What not to do when growing peppermint

Peppermints (the mint family) originate from the Mediterranean regions. While all mints belong to the same family, they also include oregano, sage and marjoram. All except these herbs can be grown in your garden beds without fear of taking over. The peppermint plant is a hardy perennial. The flowers are usually in pinks, white and blues. Peppermints are usually used in culinary and are often found in desserts or herbal teas. The leaves can be crushed to excrete their oil to make as flavoring or in perfume essences. You can grow peppermint from seeds collected as the flowers dry. These can be sown in a seed-raising mix in late inter and early spring. You can plant this plant in a container when the plants are about 10cm tall. Other propagates for peppermint is by root cuttings that are much easier. What you can do is cut it leaving a small root ball attached and repot into a smaller container. Mint could be by far the most invasive herbs you could ever plant. Either it is peppermint, chocolate mint, common mint, apple mint or ginger mint or any other derivative you can think of. You will say that your peppermint bush is ok when they seduce you into finding a spare rod of soil and reward you almost immediately with lush green leaves and a bushy habit. To tell you the truth, it is not ok. There is more sinister plot in hand that was unleashed the moment you introduced your peppermint into the garden bed. It\’s a plan bent on control and evil. What the peppermint and any other variety want is actually to control of your garden. They want it all. Growing peppermint is all about the rules. Break the rules and they will reward you with the consequences. If you adhere to them, you will be awarded year after year with a bounty bordering of peppermint.

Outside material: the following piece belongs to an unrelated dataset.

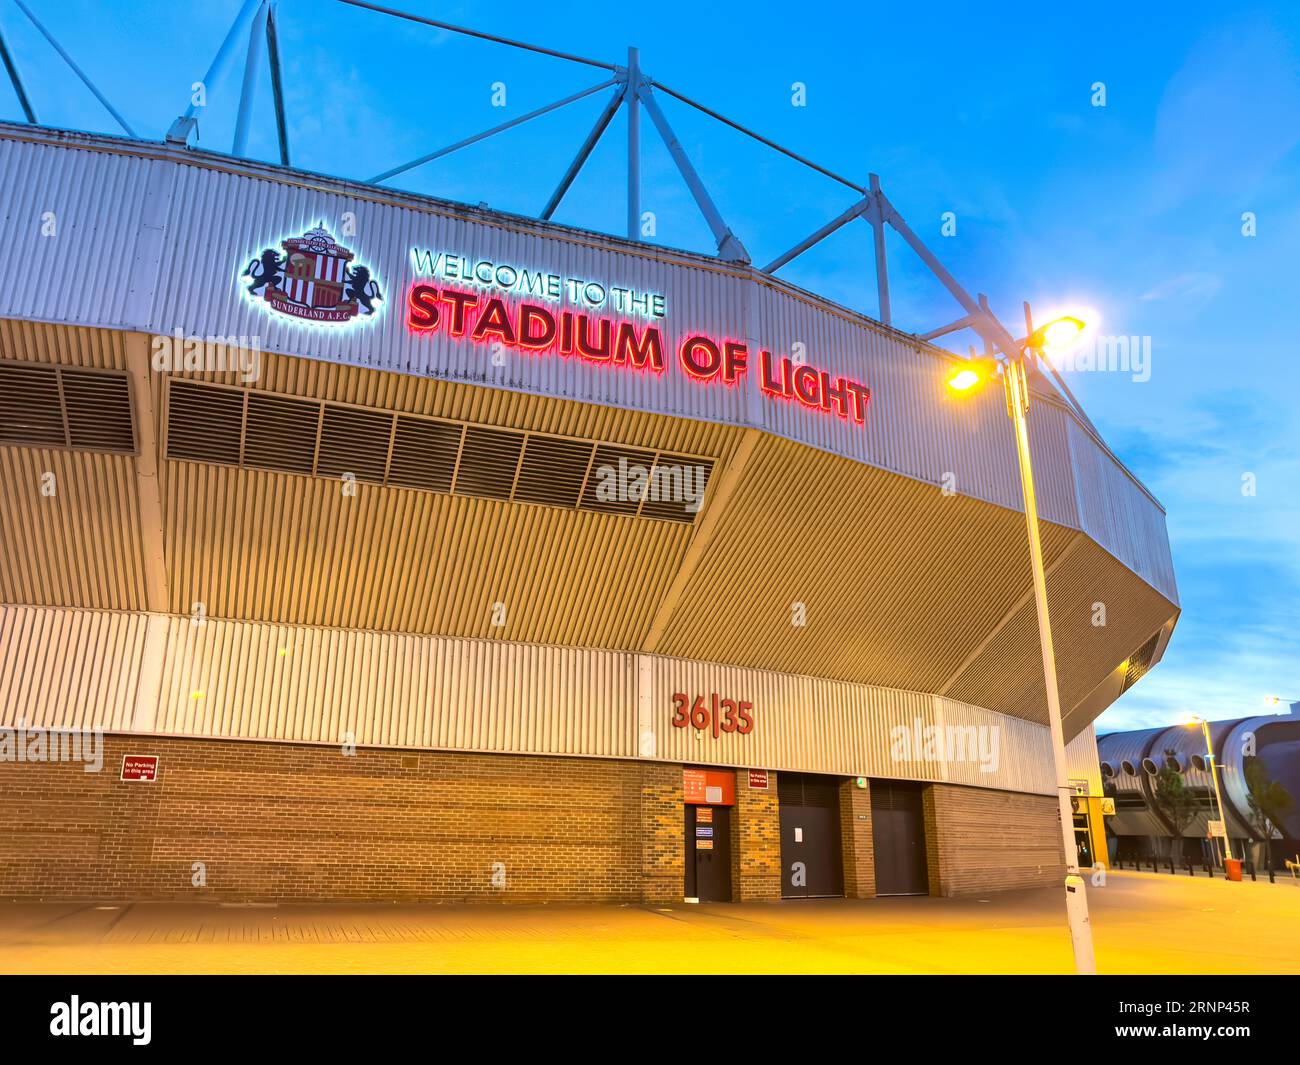 Le stade de la lumière au crépuscule, Vaux façon Brasserie, bergeries, Sunderland, Tyne et Wear, Angleterre, Royaume-Uni Banque D'Images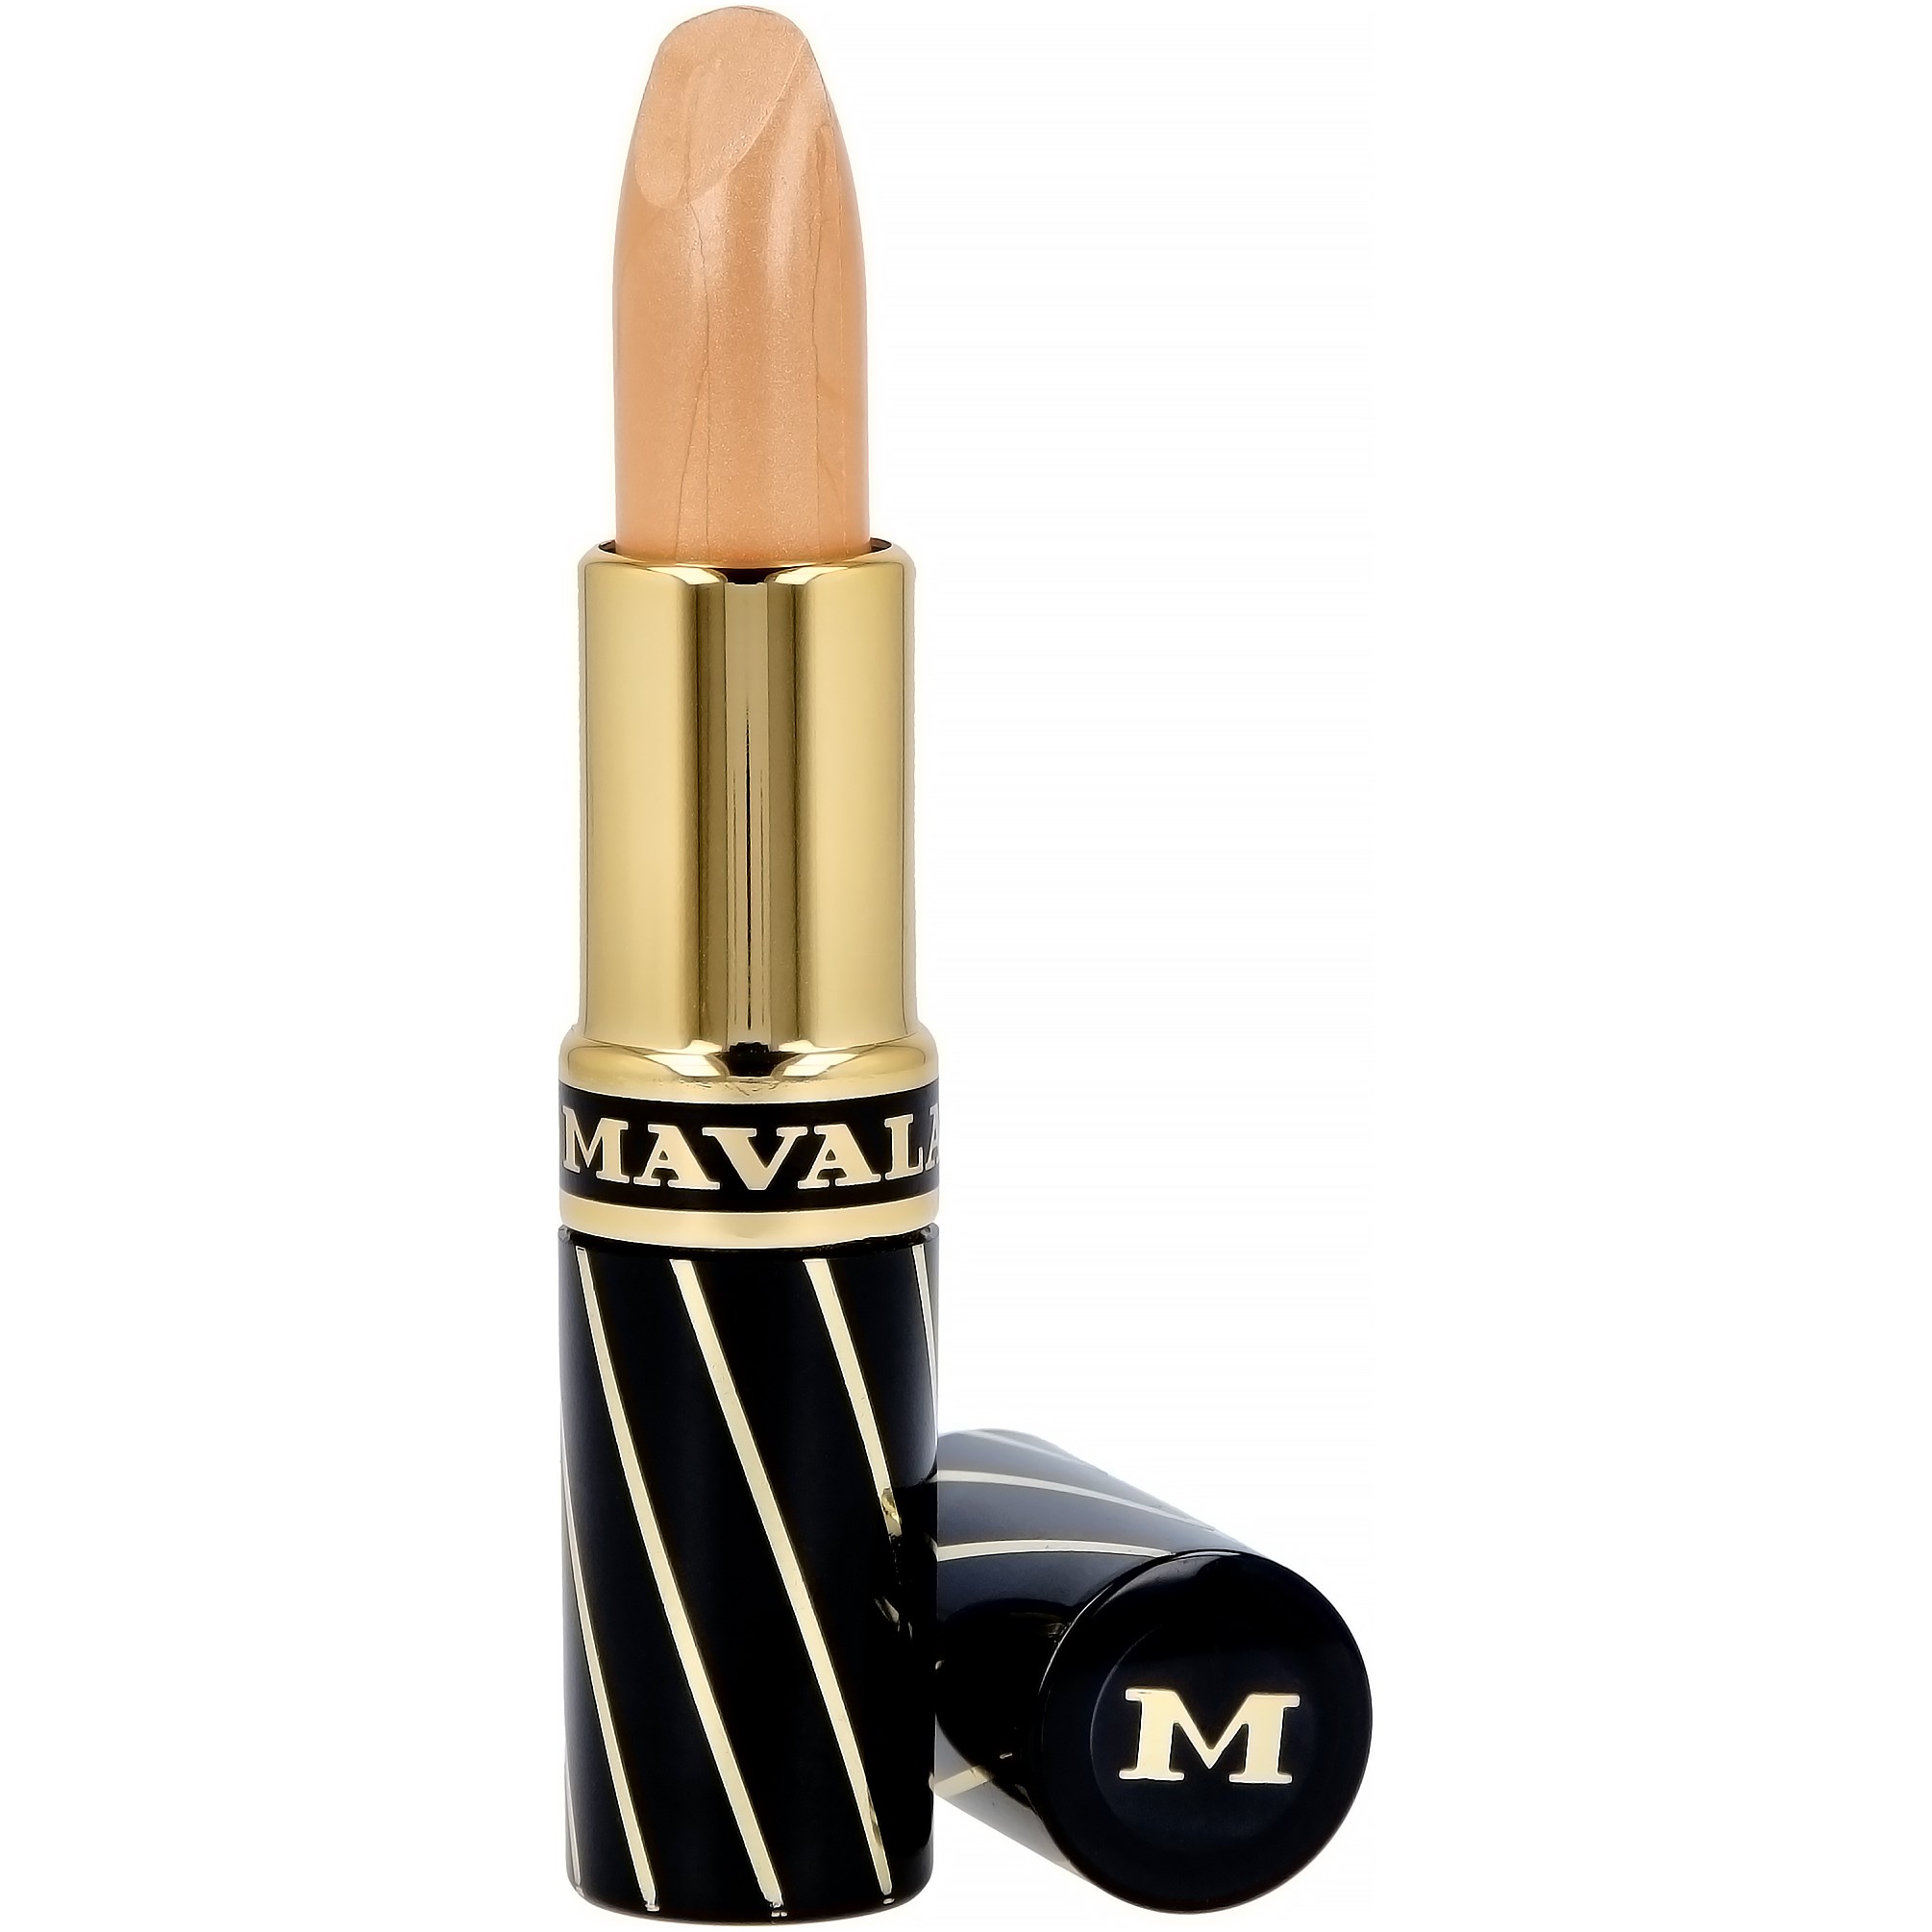 Mavala Mavalip Lipstick 195 Alaska

Here are some of the \’don\’ts\’ that you should follow when growing the peppermints:

  • Never grow peppermint in a pot. Peppermint dislikes being confined and would much rather be out playing with the other plants.
  • Give peppermint lots of shade, in fact, the more shade the happier your plant will be.
  • Never repot peppermint, as it will be just as vigorous as the previous year, at the end of its growing season.
  • Peppermint thrives in drought areas and will wither and die if it\’s given too much water. So keep the watering to a minimum.
  • If you do exactly the opposite, you will find that the peppermint and any other mint will thrive in your garden. Just never plant it in your garden beds without serious barrier to contain it.